┌─ PROVIDED RECORDS

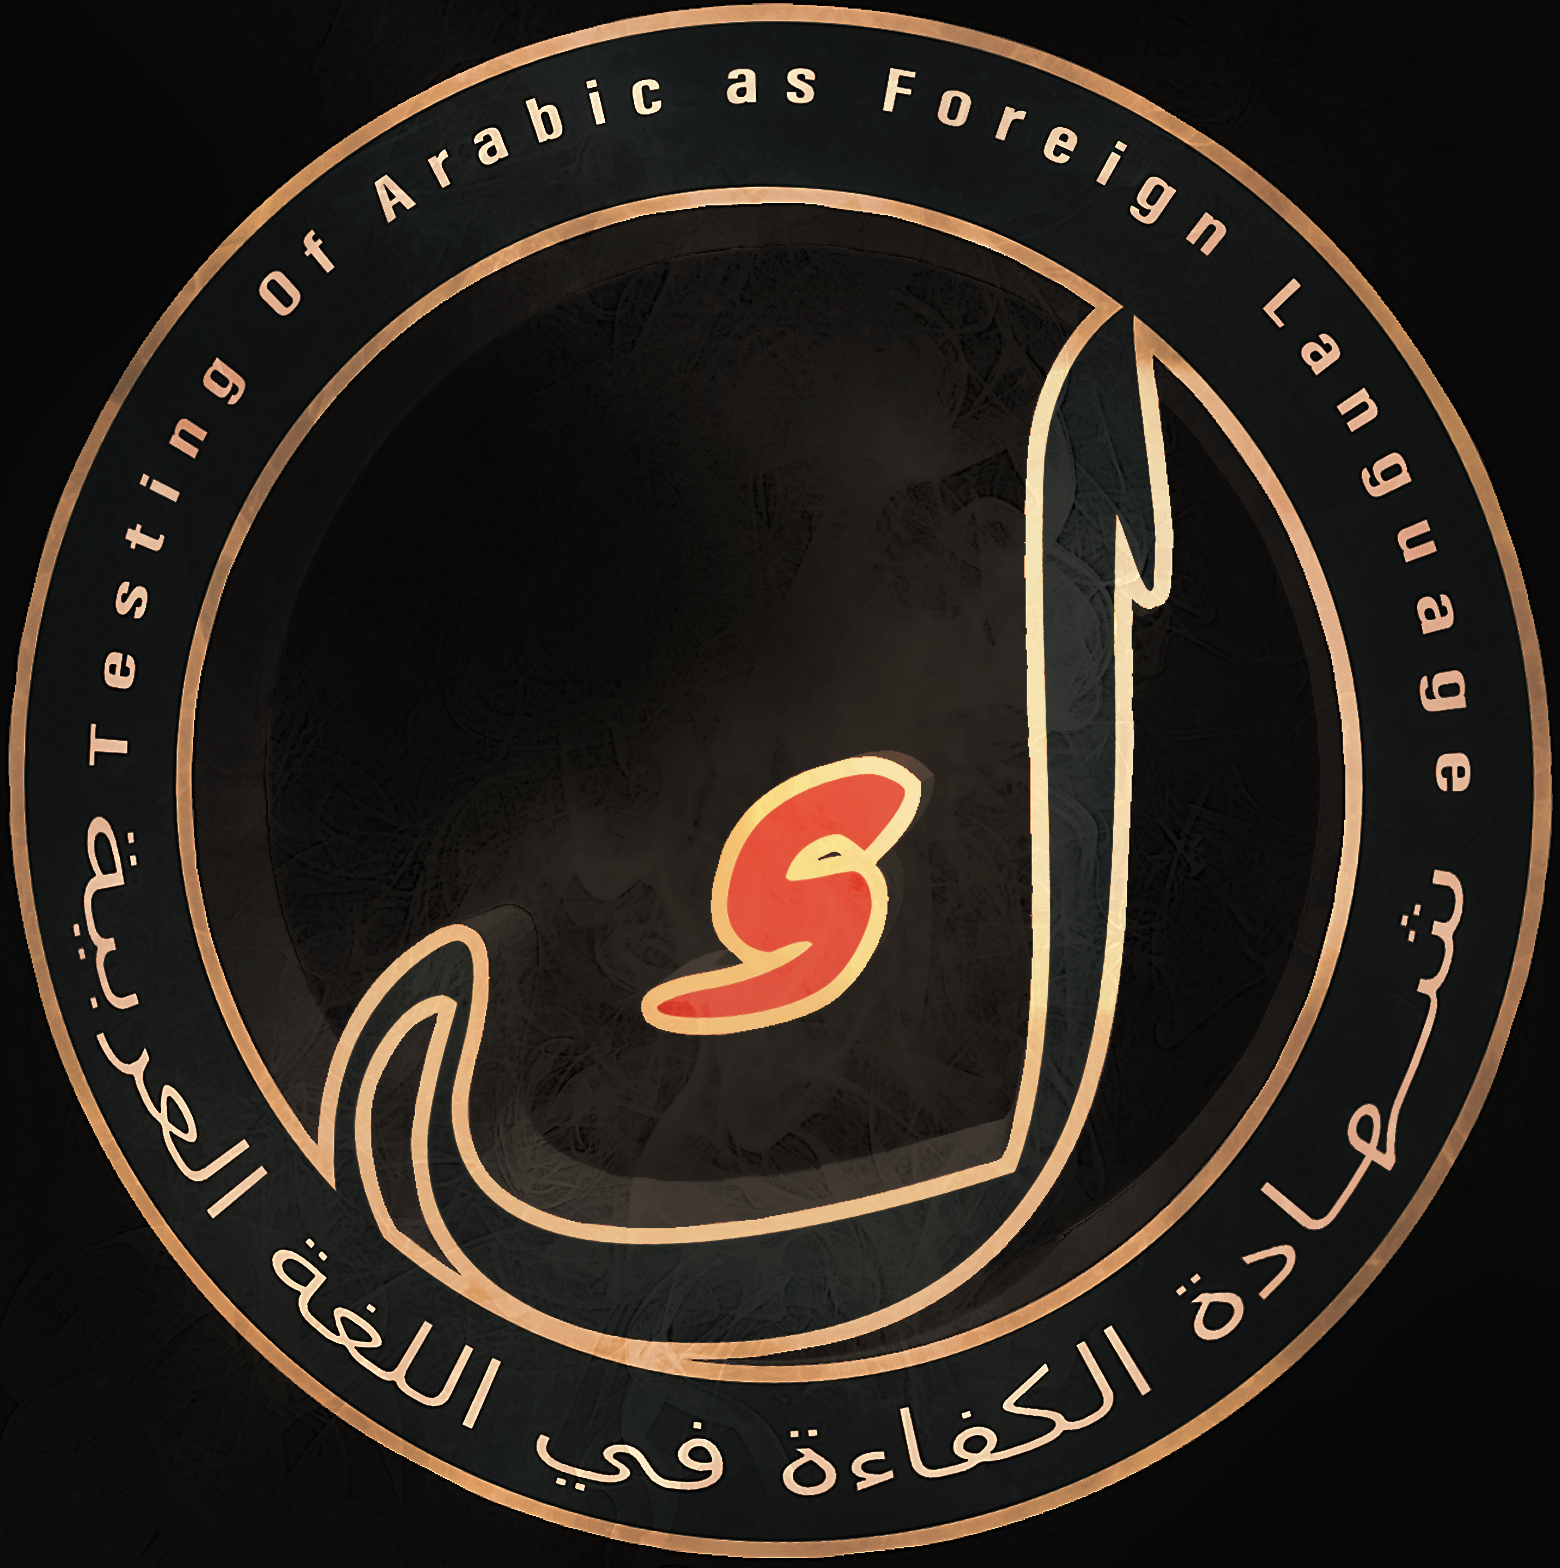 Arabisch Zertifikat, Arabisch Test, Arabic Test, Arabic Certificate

└─
┌─ PROVIDED RECORDS

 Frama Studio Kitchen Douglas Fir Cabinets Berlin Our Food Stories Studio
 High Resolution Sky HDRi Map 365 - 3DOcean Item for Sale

└─

# TASK PROMPT:
Precisely the lines between those holding "Frama Studio Kitchen" and "High Resolution Sky", inclusive, are to be reproduced from the listing above, with nothing added.

# COMPLETED TASK:
 Frama Studio Kitchen Douglas Fir Cabinets Berlin Our Food Stories Studio
 High Resolution Sky HDRi Map 365 - 3DOcean Item for Sale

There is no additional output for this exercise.